Chaetopterus pugaporcinus

Scientific classification
- Kingdom: Animalia
- Phylum: Annelida
- Family: Chaetopteridae
- Genus: Chaetopterus
- Species: C. pugaporcinus
- Binomial name: Chaetopterus pugaporcinus Osborn, 2007

= Chaetopterus pugaporcinus =

- Genus: Chaetopterus
- Species: pugaporcinus
- Authority: Osborn, 2007

Species of annelid worm

Chaetopterus pugaporcinus, commonly known as the pigbutt worm or flying buttocks, is a species of worm first described by scientists at the Monterey Bay Aquarium Research Institute in 2007. The worm is round in shape, approximately 10 to 20 millimeters in length (roughly the size of a hazelnut), and bears a strong resemblance to a disembodied pair of buttocks. Because of this, it was given a Latin species name that roughly translates to "resembling a pig's rear."

The worm has been observed residing just below the oxygen minimum zone (OMZ) between 875 and 1,200 m deep — even when the sea floor is significantly deeper. The worms are neutrally buoyant, and have been observed floating along with their mouth parts facing downward, and their hind parts towards the ocean surface. As these worms have shown no ability to swim or otherwise propel themselves through the water, and have no long, protruding appendages to catch prey with, they must rely on filter feeding to survive. Current hypotheses suggest that they reside in the oxygen minimum zone because of its cornucopia of detritus and marine snow, and that the worms produce clouds of mucus to capture particles of food and "snow," which they later draw into their mouths and ingest. C. pugaporcinus has been found to feed mainly on pelagic phytoplankton, as well as pelagic foraminiferans, silicoflagellates, dinoflagellates, and marine protists.

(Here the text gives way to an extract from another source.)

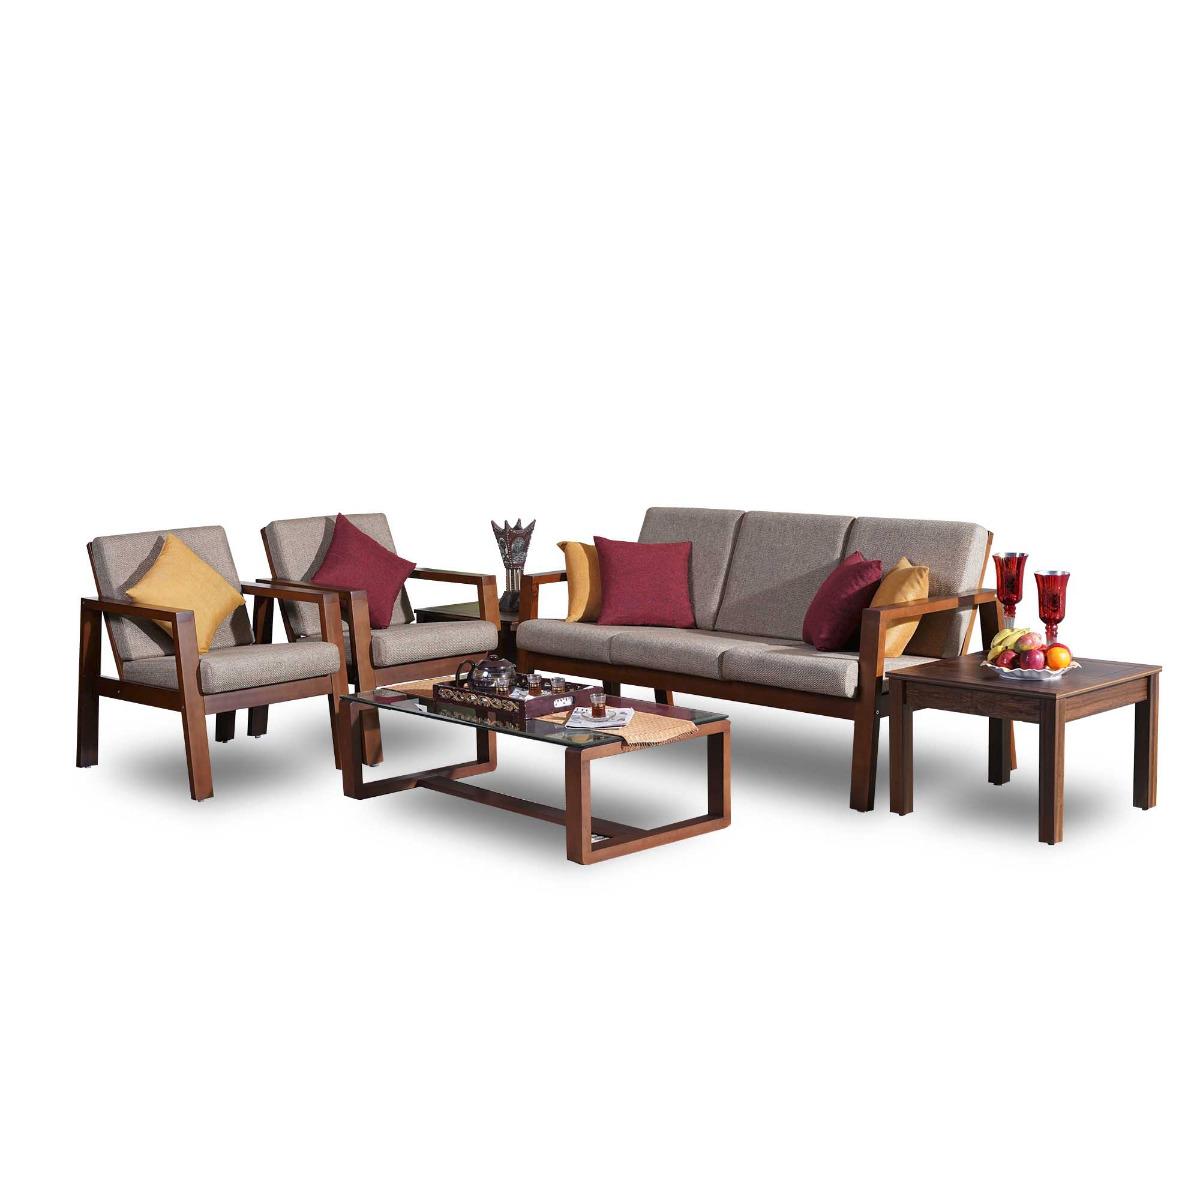 Miraculous Furniture Shops In Kerala Stores In Chennai Jacfurn Machost Co Dining Chair Design Ideas Machostcouk

The worm has a segmented body, but the middle segments are highly inflated, giving the animal a round shape. These morphological characteristics are unique among chaetopterids. It is unknown whether the specimens found to date were adult or larval forms. As chaetopterid worms do not spend a predetermined amount of time as planktonic larva, it is possible that the specimens found were actually larva that had simply been unable to settle in an appropriate benthic habitat for their species. Their unusual size (five to ten times larger than any known chaetopterid larvae) might indicate they were adults, but all currently known species of chaetopterid adults prefer to live in the benthic environment, and live in parchment-like tubes on the sea floor. Comparison to larval morphology has indicated that the specimens have a close relationship to either genus Chaetopterus or genus Mesochaetopterus, and a phylogenetic tree constructed from mitochondrial and ribosomal DNA sequences from twelve different Chaetopteridae worms found them to be most closely related to other worms of the genus Chaetopterus.

In laboratory settings, C. pugaporcinus has been found to produce bioluminescence when physically stimulated. This bioluminescence is produced as a bright blue light that endures for 3 to 6 seconds. Additionally, the worm will produce very small bioluminescent green particles that are dispersed into its mucous cloud, and glow for 1 to 2 seconds before fading.